Myles Harrington

Comparisons Between My Hometowns

In Cambodia on October 22, 2010 at 9:03 am

Today is my tenth day of living in Kampot and I really feel like I know the place now. We’re taking shortcuts through the dusty streets and are regulars at a couple of the restaurants and bars, I even get a nod of recognition from the cashiers at the supermarket. Although the town’s population is supposedly 33,000, there is much more of a village feel to it. One of the most fantastic aspects of Kampot, which definitely makes me feel at home, is the amazing array of roundabout designs. My other hometown of Basingstoke is well-known for its roundabouts, the Chineham Wave and Stonehenge examples spring to mind as wonders of modern architecture but Kampot takes the doughnut on this one, with the year 2000 monument and the new, yet to be finished, jack fruit centrepiece on the main traffic circle.


Roundabout wars, left the year 2000 monument Kampot, right the Chineham Wave, Crockford Lane roundabout, Basingstoke


The work at the school is going well, it’s strange to be in a routine for the first time in over six months but this one is a lot less taxing of my time than my previous job. A normal working day goes something like this; wake up at 11am, go to the market and buy some bread or instant noodles or stroll down to a local restaurant for a light lunch. We then head back to our guesthouse for some relaxation time, usually filled with an hour of BBC World News or a nap. At ten to three we have a 3km cycle to the school in Chumkriel village. I play football, create some Lego statues and draw some pictures with the children between 3 and 5pm and then take two English classes between 5 and 7pm. My first English class is full of little kids that I’m teaching the alphabet to, the second class is half monks and half teenagers all at the level of about five or six-year-old English children but with half the confidence. It’s extremely enjoyable teaching the kids as they pick it up really quickly and come in every day humming ABCDEFG HIJKLMNOP, they get a bit stuck after the speed of LMNOP but we’ll get there.


The Chumkriel Learning Center, Kampot


Last weekend we rented out a motorbike and tried to go to the local Bokor National park, think The New Forest only greener and hillier with more diverse fauna and flora, there are even some wild tigers as well as the standard New Forest horse. We were turned away at the gate because only tours are currently allowed access to the rocky winding road while it’s being renovated. At a bit of a loss, unsure what to do with a motorbike and a few hours to kill, we started driving in the general direction of a waterfall that was mentioned in Lonely Planet. They do warn you in the book it’s not impressive and that’s a vast understatement. Over the last couple of months I have been fortunate enough to have seen some of the most stunning waterfalls in South East Asia, the Kouang Si waterfall near Luang Prabang in Laos with its 50m plunge and the Elephant falls in Dalat with its treacherous pathway and fast flowing, overflowing streams, being two of the most impressive. Kampot’s Tek Chhouu ‘falls’ are even less impressive than my favourite childhood bathing spot, Piggy Dam. Kampot 1-1 Basingstoke.
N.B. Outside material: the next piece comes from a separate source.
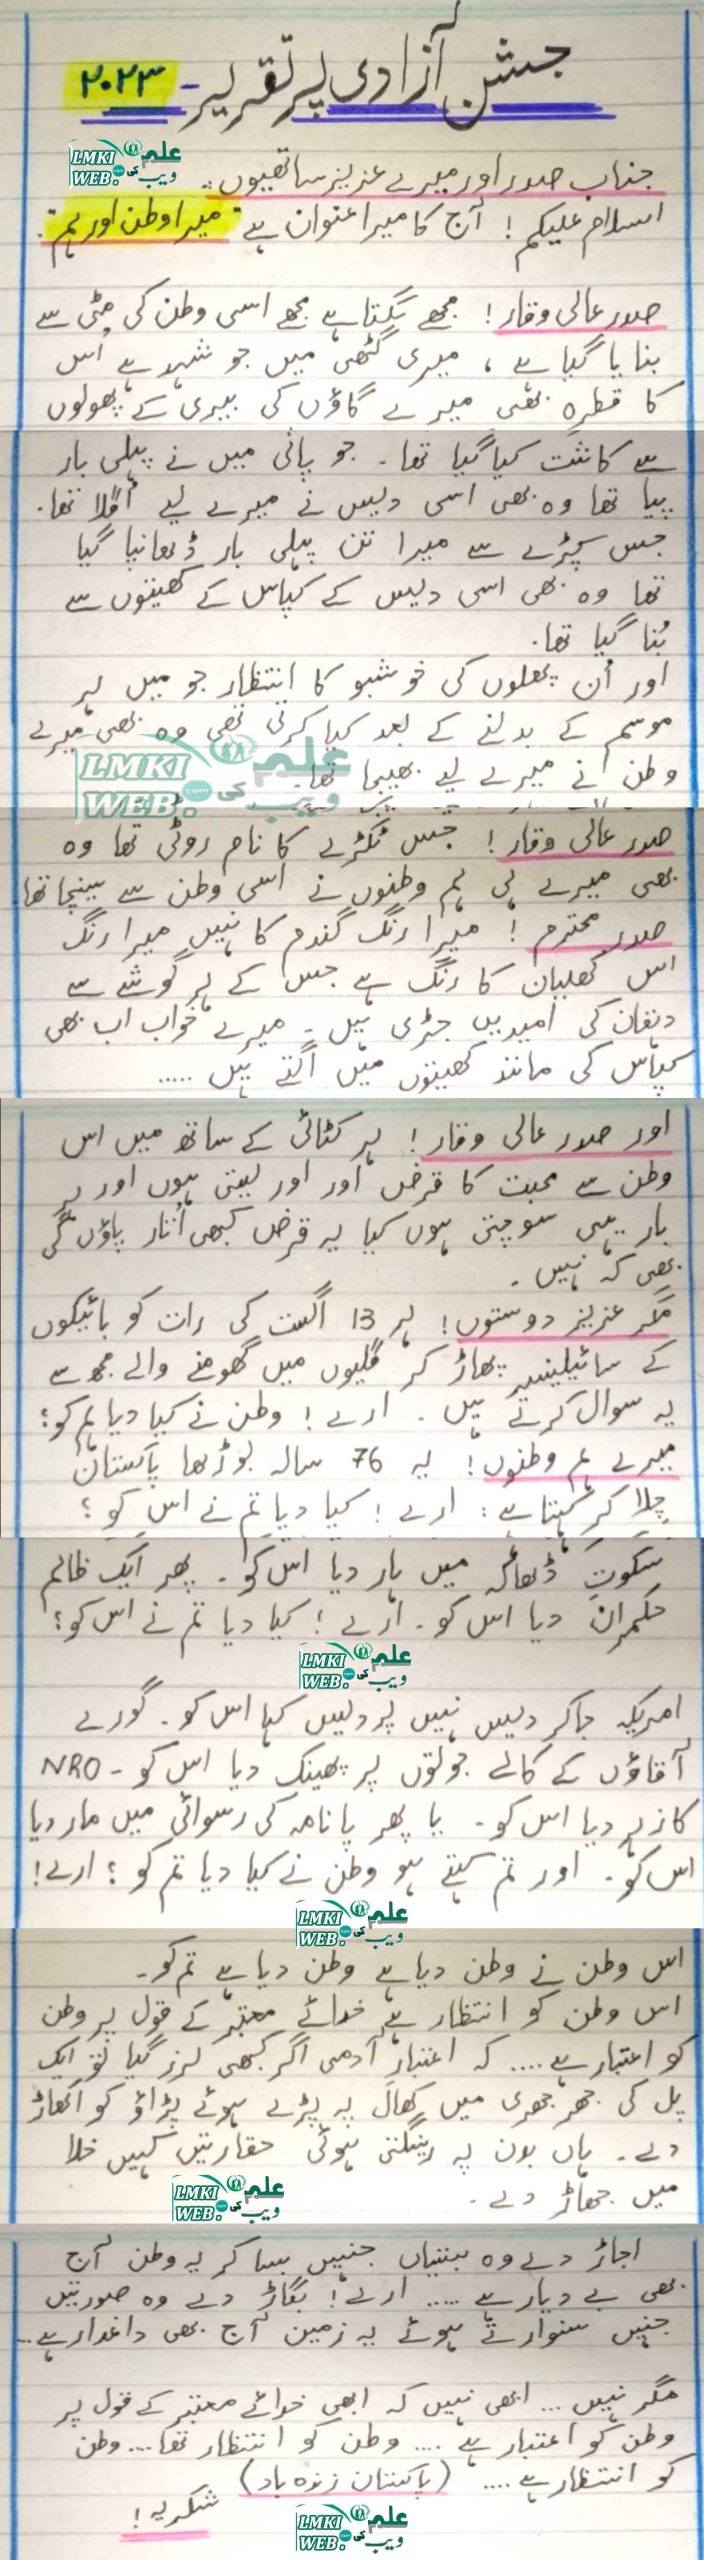 written speech on 14 august in urdu

I personally prefer Basingstoke's Piggy Dam for a quick dip, as seen on the right


After the disappointment of the river rapids we headed further in a random direction and came across a zoo. Like the waterfalls, I’ve also seen a lot of zoos over my time in Asia, from Delhi to Bukit Tinggi to Taman Safari Park near Jakarta. None of them match up to Kampot’s zoo though. The $4 entry gets you in to a bizarre, spooky caged off world that feels like you’ve stepped into a game of Jumanji. You can stroke the leopard in its chicken wire cage (if you dare) and you have to follow the bars of the camel cage to check the thing is still locked up, you can shake hands with the gorillas and watch the tawny owls fight in their prison cell like lock up. All of this without any staff for protection, or any other guests to think of it. On the top of the hill with the birds of prey is an abandoned funfair full of rusty rides, complete with ghost town creaks. It’s a site that leaves you feeling slightly haunted and uneasy, the fact that you feel as though at any moment an escapee zebra might come galloping round the corner.


Poke it if you dare, you can, if you want



An unorthodox way of feeding the monkeys


Late in the afternoon we squeezed in yet another of Kampot’s sites, an ancient hindu cave temple dedicated to Shiva  that’s over 1300 years old and well-preserved by the cave surroundings. A bit more impressive than Old Basing’s St Mary’s, we were shown around by a gang of local children with perfect English. We could speak to them like we were chatting to mates in the pub back home and they understood every word. They could be doing a far better English teaching job than me.


Go caving to pray


At the end of the short tour I asked what some bamboo slats in a stream were for. The child graciously showed me, hopping from one to the next, they were used as platforms to run across the stream like crocodile backs in cartoons; of course I had to give it a go, a bit less successfully. The boy also turned out to be a good photographer.


Not as graceful as the guide


I think Eastrop Park could reinvent itself with a few of these bamboo rafts, they’re much more fun than a piss filled paddling pool.